WE have been talking about “jobless growth,” about how the economy has been growing decently at 5 percent or higher in the last few years and yet the country couldn’t seem to lick joblessness.
Each analyst has his or her explanation: high population growth, the concentration of new jobs in the services sector requiring stringent qualifications, the capital intensity of investments owing to a fiscal incentive regime that cheapens capital vis-à-vis labor, the economy’s inability to grow enough to produce more jobs, etcetera. All these explanations make sense and for decades, the practitioners of the dismal science (the economists) have been pontificating about them in their “empirical studies.” The recent job fairs in Davao, however, seem to indicate that the real reason might be job mismatch. The country’s college and universities are not producing graduates that the industries and institutions needed.
Consider this: In the April 28-May 1 jobs fair in Davao City, companies offered 10,000 jobs, yet the DOLE got only 5,000 applications. Out of 10,000 jobs offered, 7000 were overseas jobs and the rest local jobs. Yet only 1,800 applied for those jobs abroad. We thought all along the problem was lack of jobs!
The Davao job fair results very possibly mirror the national situation. From the 2006 to 2010, for instance, the Commission for Information and Communications Technology (CICT) projects that the country’s “cyberservices” industry—comprising call centers, medical and legal transcription, software development, engineering design, animation, and back-office operations—projects a labor supply shortfall of 273,000 unless the government and the private sector can do something drastic to address it soon. In a country perennially suffering from severe joblessness, this labor supply shortfall is almost criminal.
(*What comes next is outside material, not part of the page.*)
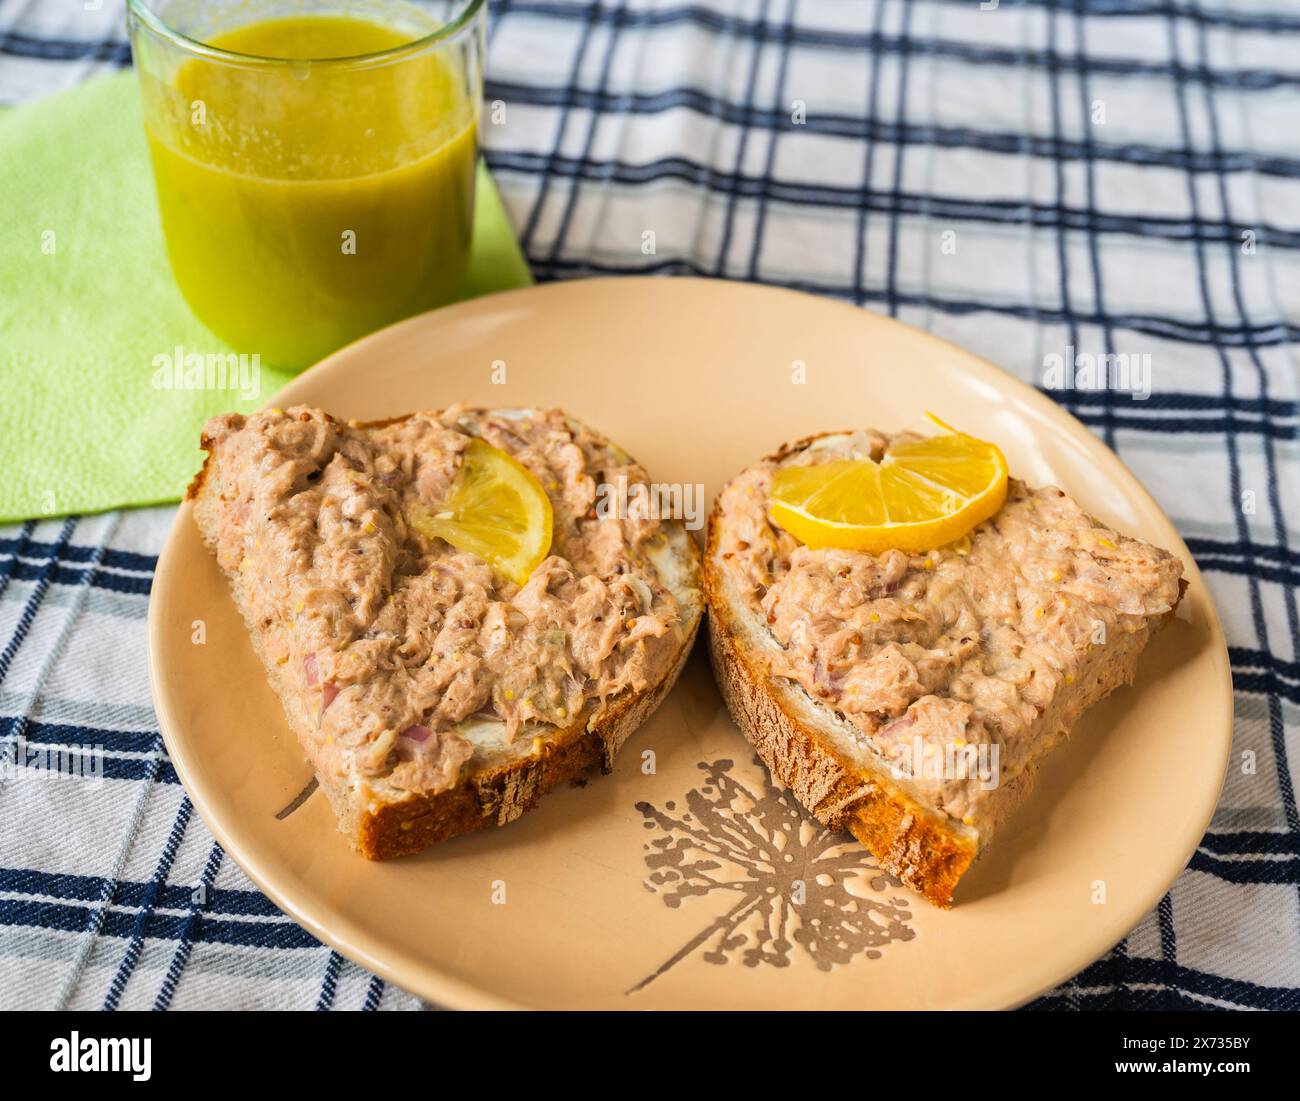 Zwei Scheiben Brot mit Thunfischaufstrich, Zitrone, grüner Smoothie im Glas auf dem Tisch, Nahaufnahme. Frühstück oder Snack. Stockfoto

It’s so easy to blame the parents or the schools for this problem. It’s so easy to figure out how parents are not providing enough guidance to their children as to what sort of career would ensure a better life for them. It would be so convenient to blame schools, nay diploma mills, for mass-producing poorly trained hordes of quasi-educated graduates like the Model T Ford. After all there are too many of these schools around, offering accountancy degrees for graduates that couldn’t pass the board exams, engineering graduates who don’t know engineering, and lawyers who can’t write decent pleadings. Certainly, these schools should shape up and fast. We think, however, that this issue is just one side of the coin.
The other side lies in the failure of the government, specifically the Department of Labor and Employment, to provide adequate job market information by which parents and their children make career decisions. Certainly, greed among diploma mills and the overpriced schools are a scourge but if school administrators have adequate labor market information to guide their course offering and school curricula, the problem of job mismatch would be solved. Besides, students who are well aware of the job market are going to enroll in courses that would land them the hot jobs that they desire, thereby forcing the schools to offer the right mix of disciplines. In sum, the interaction of supply and demand for labor is not functioning well in the country for lack of job market information.
And whose job is it to provide this information? The mass media comprising print, broadcast and online, should help and indeed it’s playing this function well through the regular classifieds sections. In the Philippine context, however, the reach of mass media is still limited, especially for print and online media. Broadcast may have the potential to reach a wider audience but these institutions whose revenues are determined by advertising hours are not likely to offer systematic and processed information about the job market. Only the government, therefore, given its powers and resources, should be able to provide this information and yet it’s not doing it systematically. But how could the government perform this function?
There are many ways, besides the usual job fairs, skills development, training, and upgrading of the educational system. In the United States, for instance, the Department of Labor provides an “Occupational Outlook Handbook” that provides details of jobs available in the US and their prospects. Specifically, the handbook describes the nature of work; working conditions; training, other qualifications, and advancement, job outlook, earnings, related occupations, and sources of additional information. This handbook is widely available to all Americans, and is regularly updated such that Americans can derive inputs in making career decisions as times and trends change. Certainly, the Philippines, which sets great store on its people as a major economic resource making up for lean capital, should have something like this. The better the DOLE considers doing this, the better.